EXERCISE DATA:
*** Block opens ***
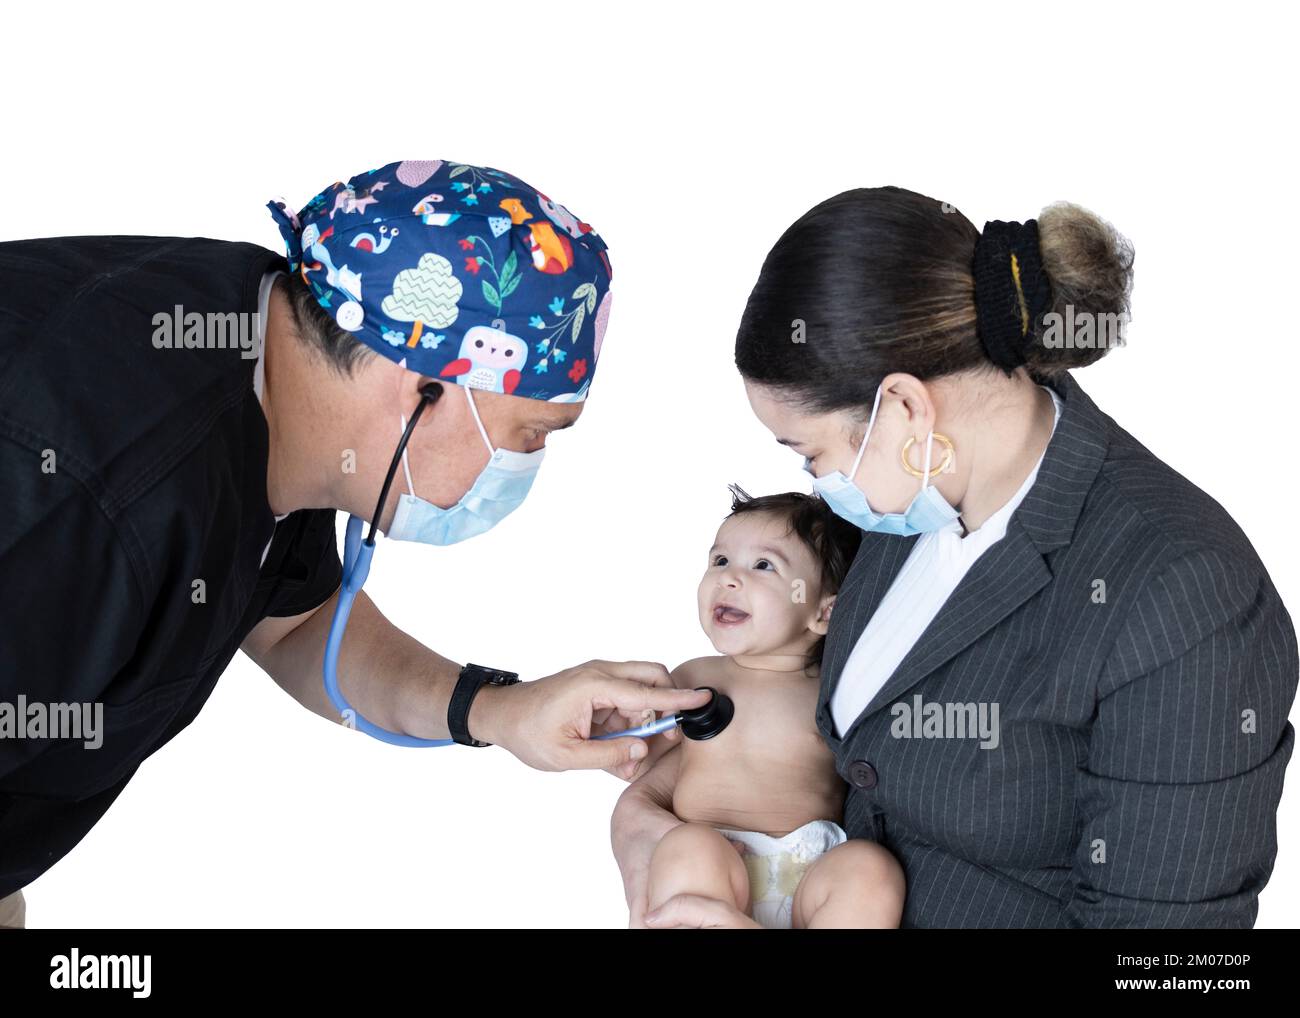 Consultazione con il pediatra di un bambino accompagnato dal seno, il bambino mostra un sorriso prima del medico durante il suo esame fisico. Foto Stock
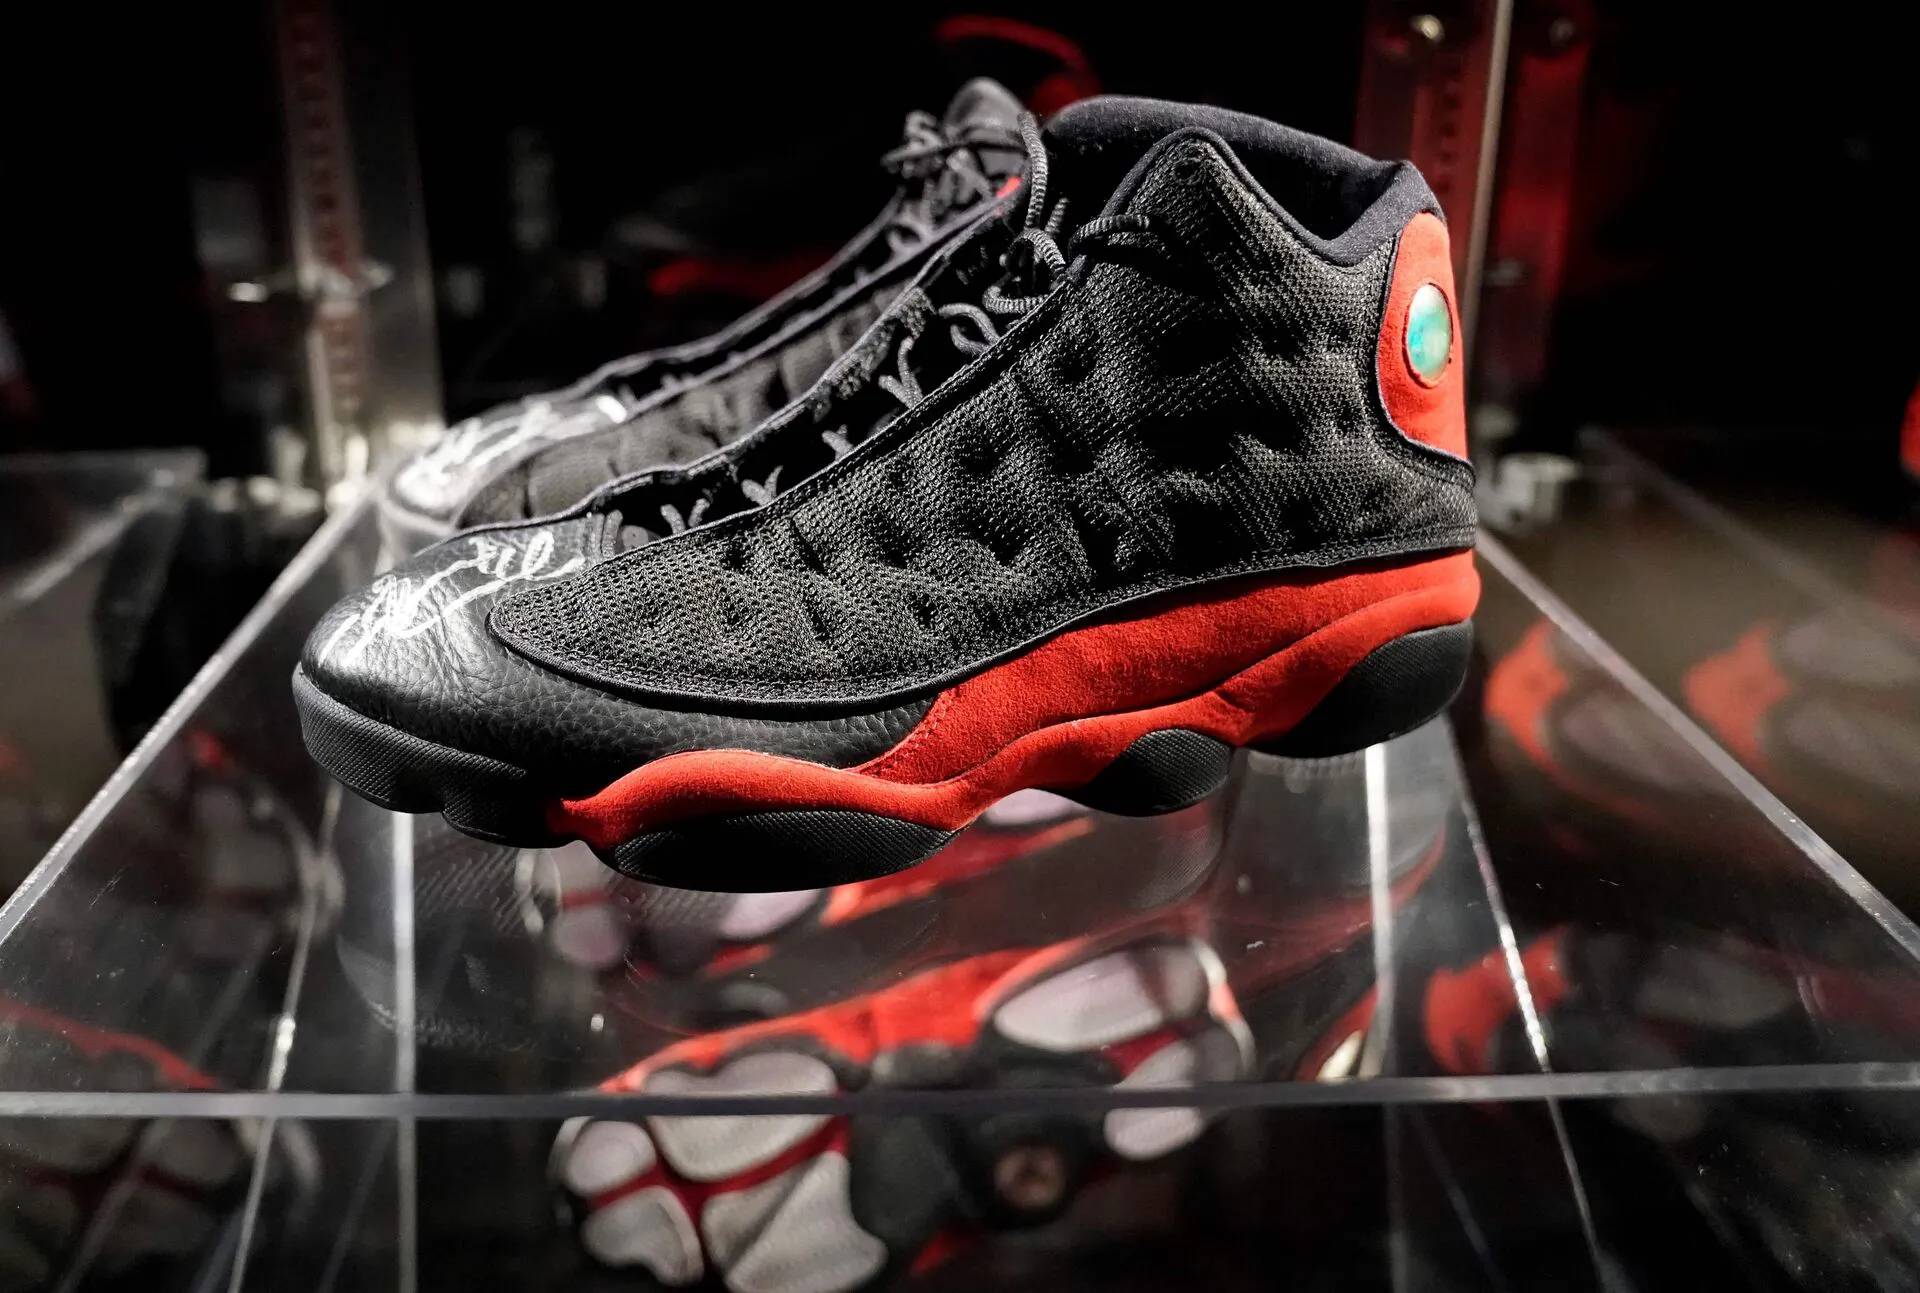 åbenbaring Encyclopedia kål Ikonisk Michael Jordan-sko solgt for kæmpe millionbeløb | SE og HØR
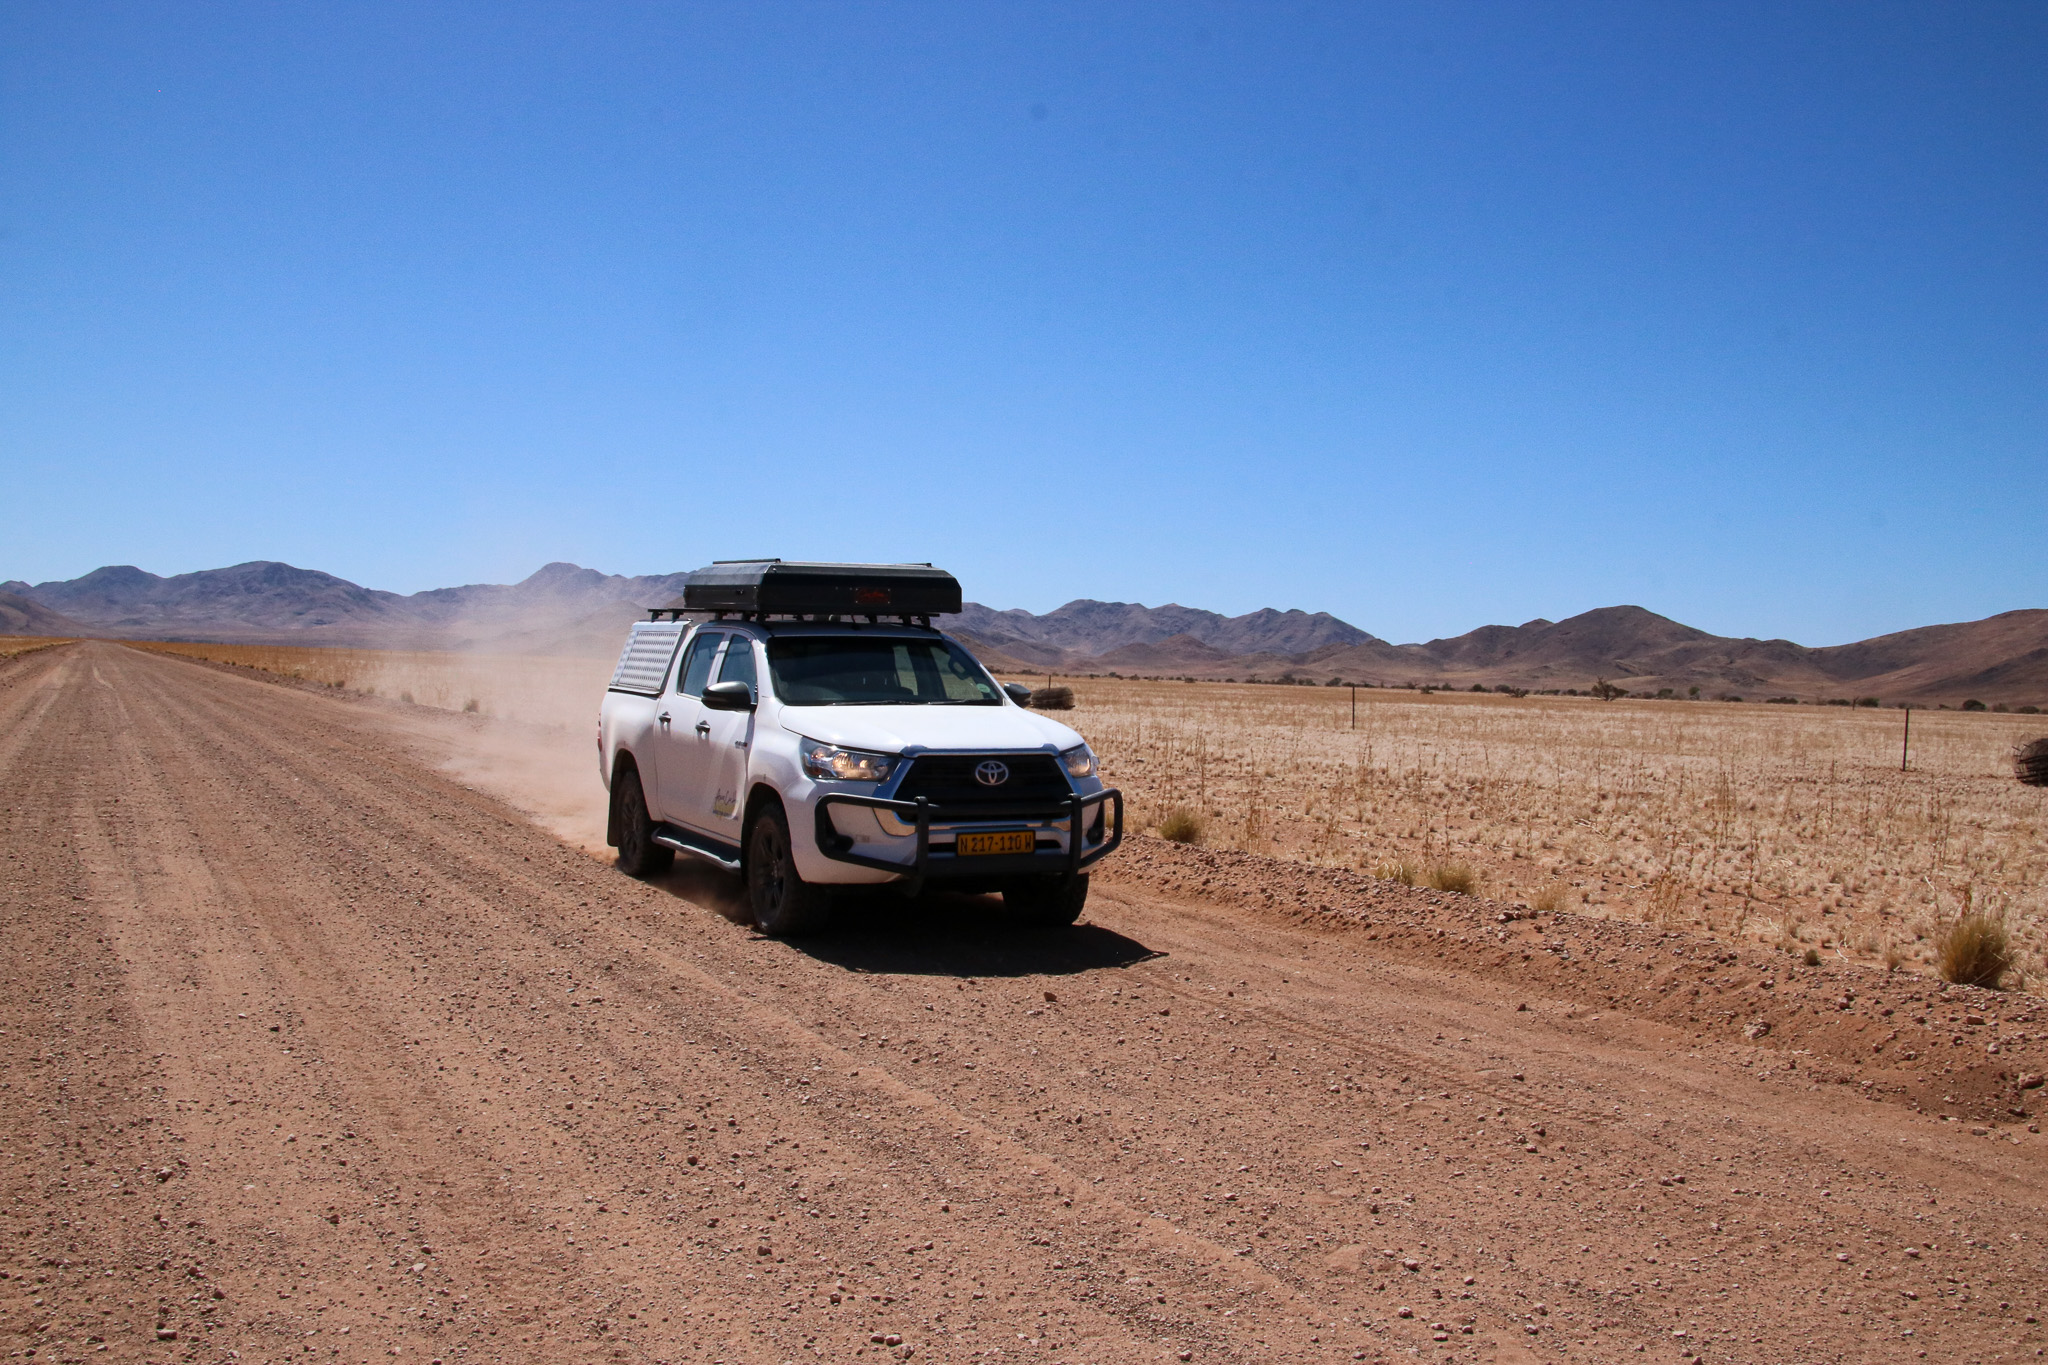 Route Namibia Roadtrip
*** Block closes ***
Output the whole listing exactly. Pictures stay out.

RESPONSE:
 Consultazione con il pediatra di un bambino accompagnato dal seno, il bambino mostra un sorriso prima del medico durante il suo esame fisico. Foto Stock
 åbenbaring Encyclopedia kål Ikonisk Michael Jordan-sko solgt for kæmpe millionbeløb | SE og HØR
 Route Namibia Roadtrip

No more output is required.